Quantization & GGUF — Running LLMs on CPU
GGUF quantization lets you run 8B LLMs on a laptop CPU at 5-10 tokens/second without any GPU. Ollama makes this one command. GPTQ and AWQ provide GPU quantization with 4-8x memory reduction and minimal quality loss.
Quantization with GGUF and Ollama
# QUANTIZATION FORMATS
# GGUF Q4_K_M: 4-bit, best quality/size tradeoff -- use this for CPU
# GPTQ: GPU 4-bit with calibration dataset
# AWQ: Activation-aware Weight Quantization -- better than GPTQ
from transformers import AutoModelForCausalLM, AutoTokenizer, GPTQConfig
gptq_config = GPTQConfig(
bits=4,
dataset="c4",
tokenizer=AutoTokenizer.from_pretrained("meta-llama/Meta-Llama-3-8B"),
)
# Quality comparison (perplexity on WikiText-2, lower=better):
quant_quality = {
"Full fp16 (baseline)": {"perplexity": 7.72, "size_GB": 16.0},
"AWQ Q4": {"perplexity": 7.84, "size_GB": 4.2},
"GPTQ Q4": {"perplexity": 7.90, "size_GB": 4.2},
"GGUF Q4_K_M": {"perplexity": 7.95, "size_GB": 4.9},
"GGUF Q2_K": {"perplexity": 8.80, "size_GB": 2.8},
}
for name, stats in quant_quality.items():
print(f" {name:25s}: ppl={stats['perplexity']} | size={stats['size_GB']}GB")
# OLLAMA -- one-command local LLM inference
# Install: https://ollama.ai
# ollama pull llama3.2
import ollama
response = ollama.chat(
model="llama3.2",
messages=[
{"role": "system", "content": "You are a Python expert."},
{"role": "user", "content": "Write a function to find the longest common subsequence."},
]
)
print(response["message"]["content"])
# Streaming
for chunk in ollama.chat(model="llama3.2", messages=[{"role": "user", "content": "Count to 5"}], stream=True):
print(chunk["message"]["content"], end="", flush=True)Tip
Tip
Practice Quantization GGUF Running LLMs on CPU in small, isolated examples before integrating into larger projects.
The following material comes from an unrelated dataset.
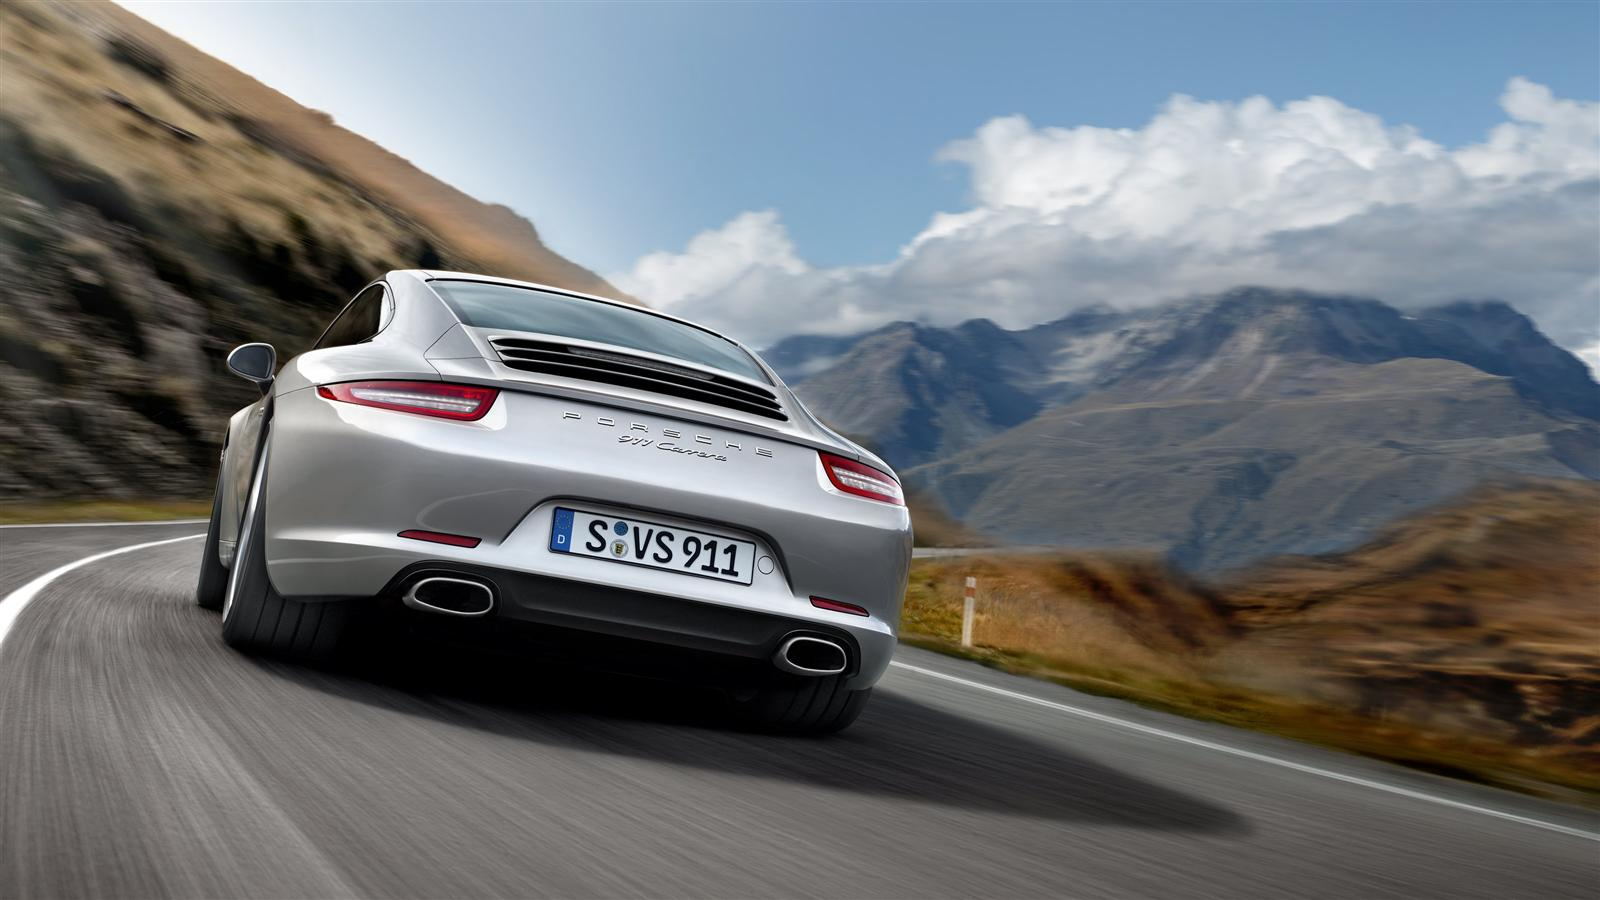 Porsche 911 Carrera /usite/1132/images/911_gal8.jpg

Breaking concepts into small experiments builds genuine understanding faster than reading alone.
Modern NLP = Transformer-based. Pre-train, then fine-tune.
Practice Task
Note
Practice Task — (1) Write a working example of Quantization GGUF Running LLMs on CPU from scratch without looking at notes. (2) Modify it to handle an edge case (empty input, null value, or error state). (3) Share your solution in the Priygop community for feedback.
Quick Quiz
Common Mistake
Warning
A common mistake with Quantization GGUF Running LLMs on CPU is skipping edge case testing — empty inputs, null values, and unexpected data types. Always validate boundary conditions to write robust, production-ready ai code.